SHAKE: 54g Whey with 1 ½ tablespoon all natural peanut butter OR 4 whole Omega-3 eggs

*****MEAL ORDER IS UNIMPORTANT. ALL MEALS ARE EQUAL.

***ONCE A WEEK, HAVE A CHEAT MEAL (instead of MEAL #6) - try to make it the last meal of the day (start after 2 weeks on the diet)

I followed this diet last year after i had let my self get out of shape and within 8 weeks i was in great shape. You should do it for at least 12 weeks and see where you are at.

(Of course when i say you should do it i mean in my opinion you should lol....)


----------



## Big Dawg (Feb 24, 2008)

^ Great advice Con. I would rep you, but apparently I've been loving you too much.


----------



## bbkam (Jun 23, 2008)

Ak_88 said:


> I trained at St Pauls during my first two years and a few weeks of year 3, but then switched to City Gym and trained with Incredible Bulk for about 6 months. Best decision i ever made, if you're within 15 minutes walk of it i would seriously recommended training there.
> 
> Bit more expensive, but the atmosphere is far, far better and you'll pick up advice from everyone as you go along, really helped kick my training back on track from where i was just ticking over.


Yeh i no where city gym is, i was living on bradford road last year, which is like 30 seconds round the corner!!!! But as u no im back for 4 months, and i really want to compete next year!!!! If im back i will try out city gym, i know a few people that train there!!! I have also tried out Edds gym, really hardecore gym, and a very helpful guy that runs it!!!



Biggerdave said:


> Nothing much needs adding on what the other guys have said at the moment mate. Glad to see you have decided to cut as you are carrying too much to bulk in my opinion. Also suggest you hold off on the cycle and see where you are at the end of the cut.
> 
> Am subscribed to the thread and look forward to helping any way i can and seeing your progress. I'm gonna be pretty much on the computer a load in the coming weeks as my own diet start for my next show so i'll see how your getting on
> 
> Dave


Thanks for the support buddy, will try and regulary update this!!! Got bout 3 months left of summer!!!! Will try and change my body as much as possible while im on my summer break!!



Con said:


> Many youngs seem to think bodybuilding is a lot easier than it is. I am talking about guys in reasonable shape to start with but they still can not diet down and get into shape. The reason is dieting is very hard and a complete nightmare as its unplesant and after a few weeks food fills your mind at all times.
> 
> If i was you i would want to shift fat as fast as possible instead of doing it too slowly so i would do a ketogenic diet. Just by looking at your body i see a guy who has eaten far too many carbs and not nearly enough good fats through out his life. Do a keto diet and you will sharpen your response to insulin (carbs) when you reintroduce them.
> 
> ...


Thanks for the support buddy, really apprechiate it!!! Also one m0ore question wot cardio would u recomend? And would u say its ideal to drink a whey shake with coffee on an empty stomach if i was to to cardio in the morning?

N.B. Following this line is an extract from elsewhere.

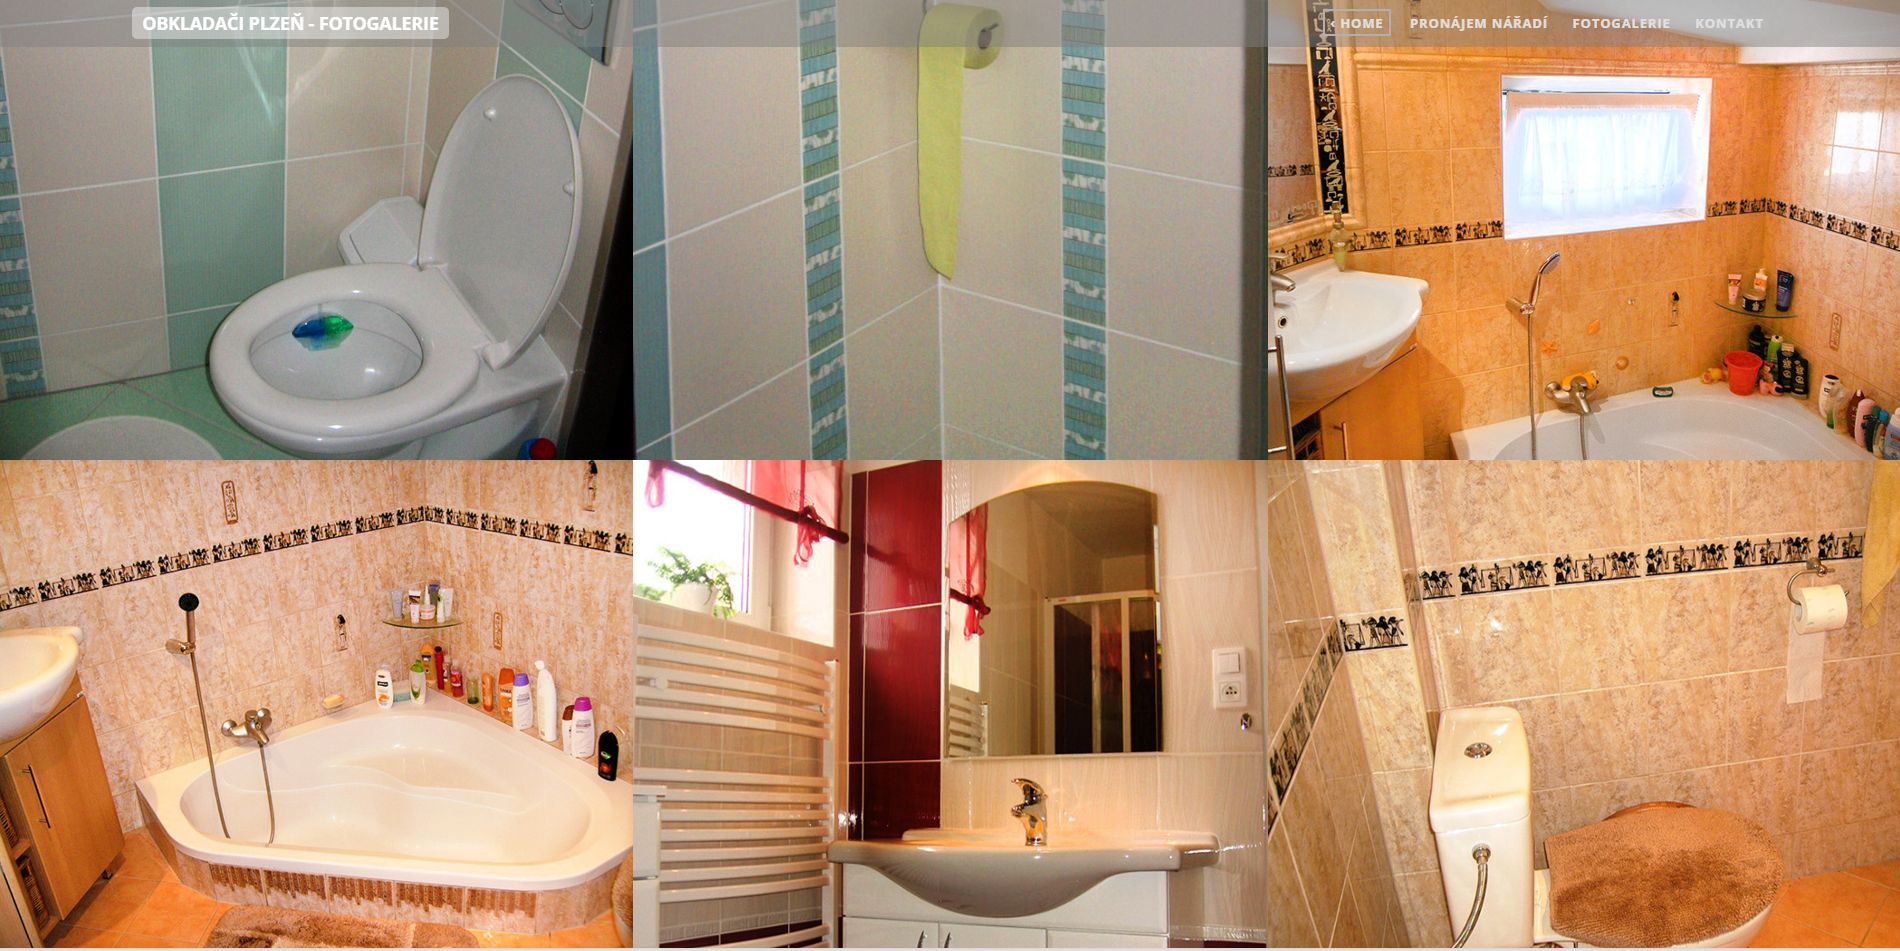 rekonstrukce koupelny - provedené obkladačské práce nejen v Plzni

Also thanks for the support guys!!!! Will try and update this as much as possible!!!


----------



## Incredible Bulk (Sep 19, 2007)

Nothing to eat, even a whey shake before AM cardio IME mate


----------



## donggle (Aug 28, 2007)

bbkam said:


> Yeh i no where city gym is, i was living on bradford road last year, which is like 30 seconds round the corner!!!! But as u no im back for 4 months, and i really want to compete next year!!!! If im back i will try out city gym, i know a few people that train there!!! I have also tried out Edds gym, really hardecore gym, and a very helpful guy that runs it!!!
> 
> Thanks for the support buddy, will try and regulary update this!!! Got bout 3 months left of summer!!!! Will try and change my body as much as possible while im on my summer break!!
> 
> ...


Cardio will be low intensity long duration. Basically the very boring stuff. Fast walking on a treadmill, inclined if you wish. Cross trainer, bike etc.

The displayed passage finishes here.